Participants were administered the K-SADS. As noted above, we included participants from a no anhedonia vs. elevated anhedonia group (binary variable). Elevated anhedonia was defined as having a K-SADS anhedonia item (from the MDD module) score greater than one.

Neuroimaging

Participants completed an fMRI monetary reward task assessing neural responses during reward anticipation and outcome [21, 23, 40]. See Supplement for task details.

Behavioral:

A reward learning task (Probabilistic Reward Task [PRT]) previously validated in adolescents [41–43] was used. We included two variables as predictors: reward learning (change in response bias over the course of the task computed as Response Bias in block 2 minus Response Bias in block 1) and mean response bias (averaging the response bias score over the two blocks). For task details, see [40].

Demographic

Self-reported age and sex.

Pubertal

Pubertal status (Tanner Staging Questionnaire [TSQ; [44]] total score).

Statistical Analysis

Concurrent correlations with depressive symptoms at baseline

Prior to testing the relation between baseline predictors and future (3 month) depressive (CESD and MFQ) symptoms, we first examined the concurrent correlations between depression scores and other predictor variables at baseline (see Fig. 1 for correlation coefficients and p-values).

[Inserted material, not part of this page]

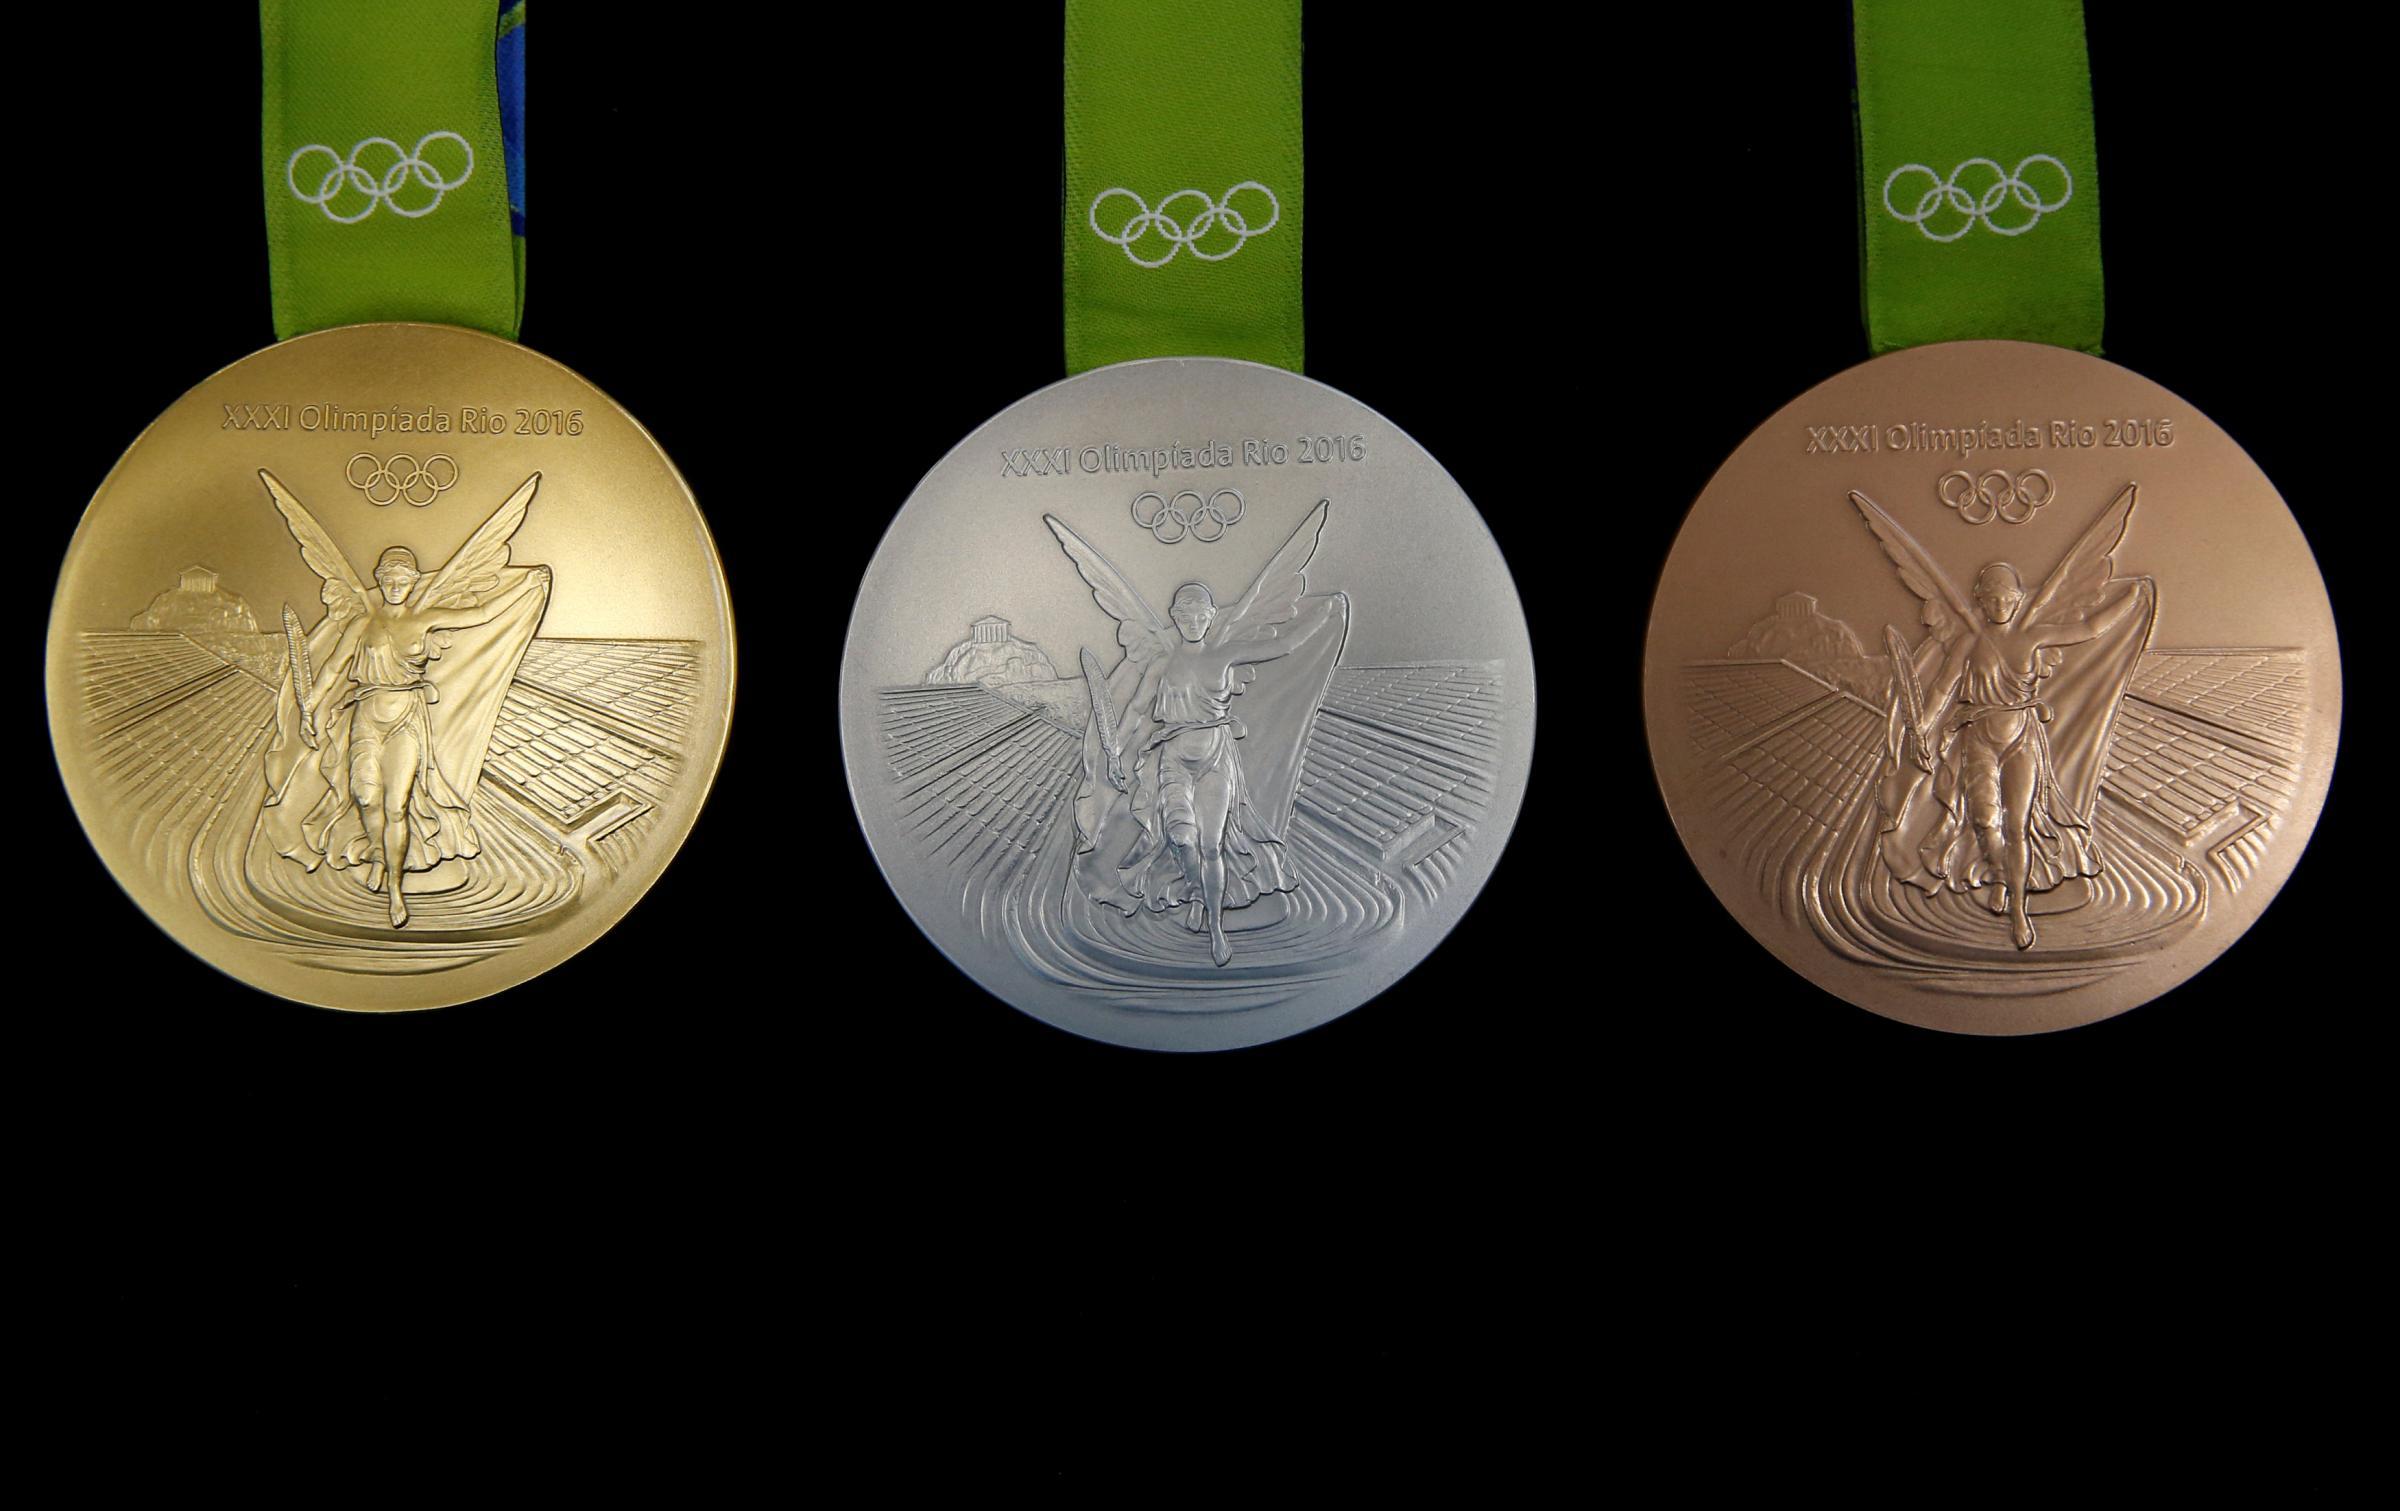 Rio 2016, l'officina di produzione delle medaglie olimpiche a Rio de Janeiro

Predicting future (3 months) depressive symptoms

See Fig. 2 for a schematic of the data processing and modeling pipeline.

Data Preprocessing

We standardized all variables to have means of 0 and standard deviations of 1 (Data type: Raw). To reduce the potential instability in model training due to the high correlations between the baseline predictors, we re-ran analyses applying two separate approaches to data pre-processing: (1) To remove the confounding influence of baseline depression severity from our other predictors, for each variable other than the baseline depression scores (MFQ or CESD), we regressed the variable against baseline depression and took the residuals as the feature value. We trained the models using the residualized features along with baseline depression (Data type: Residuals). (2) To reduce the number of predictors, we applied principal component analysis (PCA) to all baseline predictors (across all modalities), then evaluated the first 5, 10, or 20 principal component scores as features (Data type: PC5, PC10, PC20). See “data type” column in Table 2. See Supplementary Fig. 3 for the cumulative variance explained by the top principal components.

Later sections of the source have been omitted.